Now investors fear inflation and the Fed more than Covid: Bank of America

Just over a year since Covid-19 turned the world upside down, investors are starting to get over it.

For the first time since the pandemic’s success, respondents to the Bank of America fund managers survey said the market faces greater concerns.

Now inflation has become the biggest “tail risk”, or abnormal event, that could cause the most damage, demonstrated the widely followed monitoring by professional investors.

A total of 37% of respondents in the March poll cited the biggest challenge, followed by 35% for “taper rages,” strong reactions to the bond market in the event the Federal Reserve unexpectedly withdraws its purchases. monthly assets.

A total of 220 investors with managed assets of $ 630 billion participated in the bank’s survey, which was conducted from March 5 to Thursday.

Although coronavirus, specifically vaccine deployment problems, remains the third largest threat, it was cited by less than 15% of respondents, about half the February level.

March was the first time Covid-related concerns did not surpass the survey since February 2020.

These three concerns easily overcame a bubble on Wall Street, higher taxes, or tougher regulations under the Biden administration.

The change in priorities occurs as the U.S. vaccinates more than 2 million people a day. Hospitalizations and deaths nationwide have plummeted, although the fall in the case per day has narrowed. With most health professionals indicating a somewhat normal return to life in the summer and fall, investors are beginning to change priorities.

Inflation has been seen this year as government bond yields have risen to pre-pandemic levels. A market-based indicator, the rate of “inequality” between five-year Treasury yields and inflation-linked bonds, has jumped to its highest level in nearly 13 years.

Respondents said a move to the 2% level on the 10-year Treasury note could lead to a stock market correction, or a drop of more than 10%. A jump to 2.5% would make bonds more attractive than equities. The benchmark was trading at around 1.6% on Tuesday morning.

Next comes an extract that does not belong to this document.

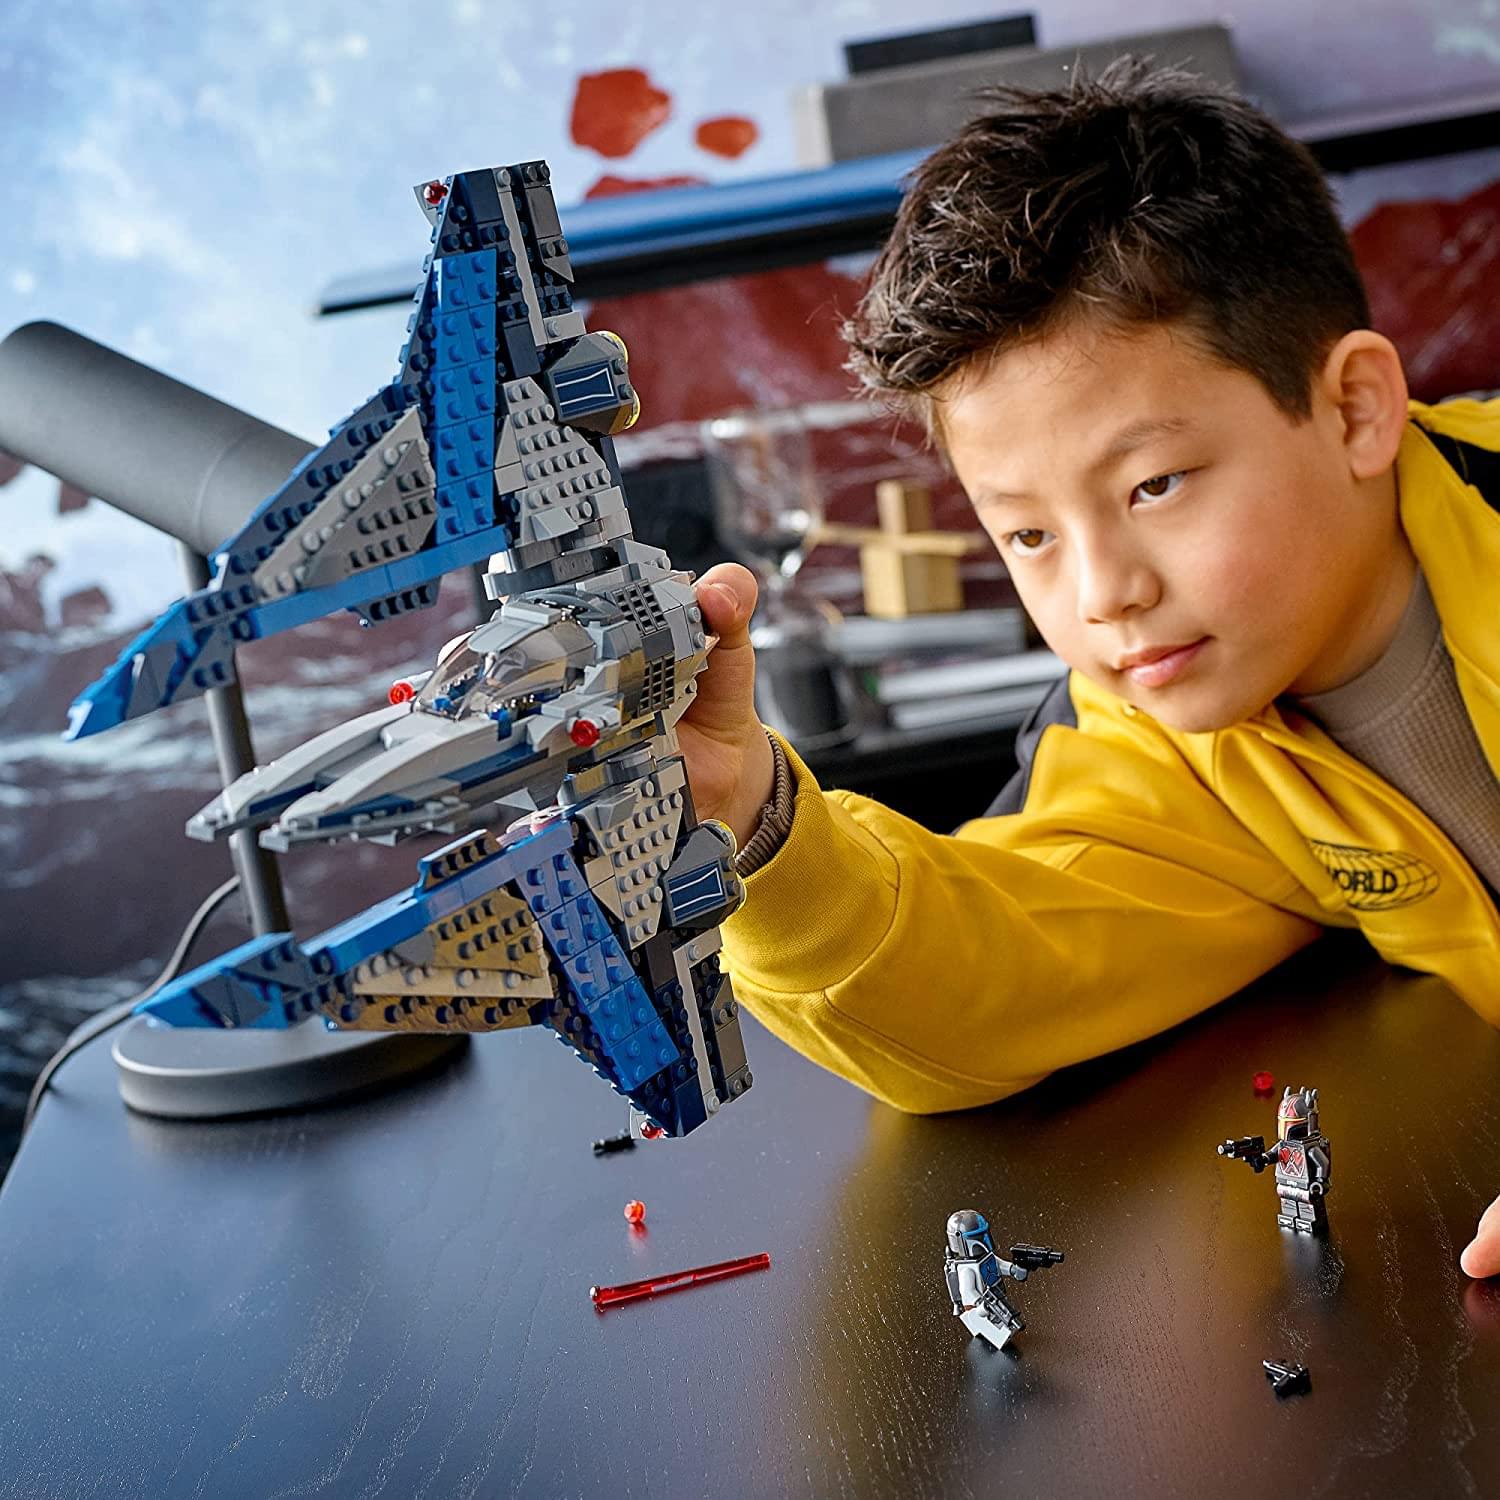 LEGO Star Wars 75316 Mandalorian Starfighter 544 Piece Building Kit

While markets have been volatile during accelerating yields, major averages have fallen to near-record territory. The Dow Jones industrial average has risen 7.7% to date, amid a rise in stocks such as Goldman Sachs, Boeing and Caterpillar that benefit from higher rates and a more aggressive economic recovery.

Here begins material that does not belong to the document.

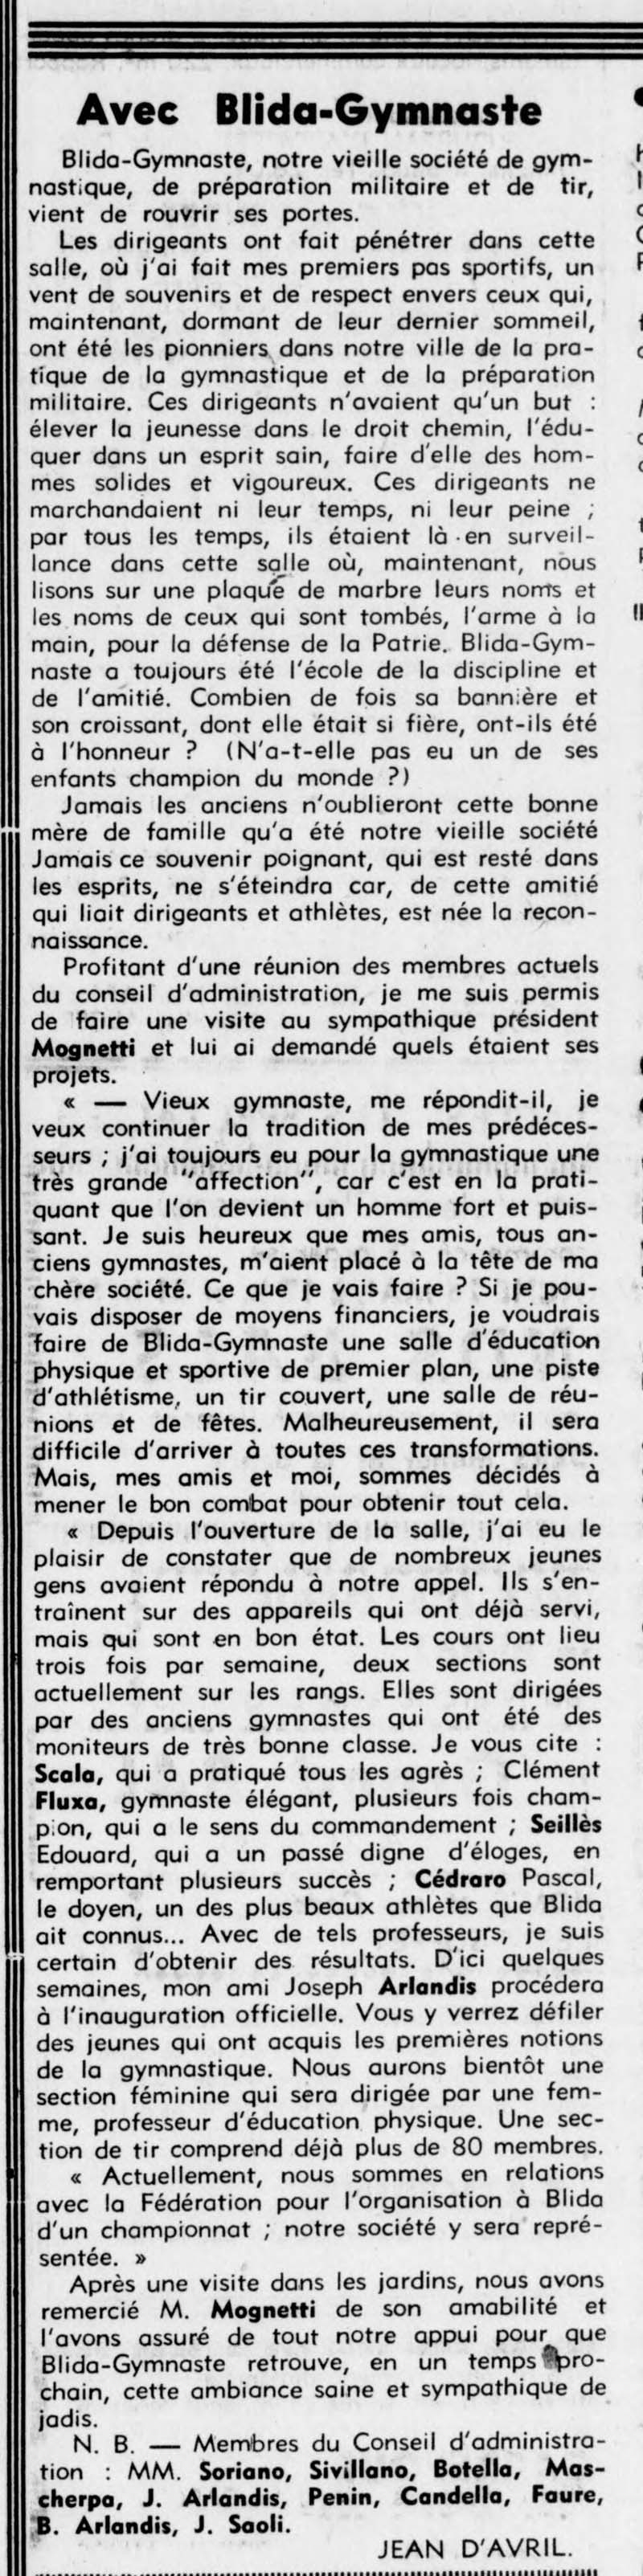 Le_Tell_1946-05-25-blida gymnaste.jpg

Broadly speaking, the survey shows that “investor sentiment [is] certainly bullish, ”said Michael Hartnett, chief investment strategist at Bank of America.

However, investors make adjustments to their portfolios.

Managers have reduced their allocation to technology stocks to their lowest overweight level since January 2009. The survey also found a sharp shift in commodities to an all-time high. Managers have been assigned to their position with the largest overweight in banks since March 2018. They also made the biggest move to energy since November 2018.

Equity optimism comes with hopes of having a V-shaped recovery, with 48% indicating this path for the economy. 91% net of executives expect stronger growth, the highest level in survey history.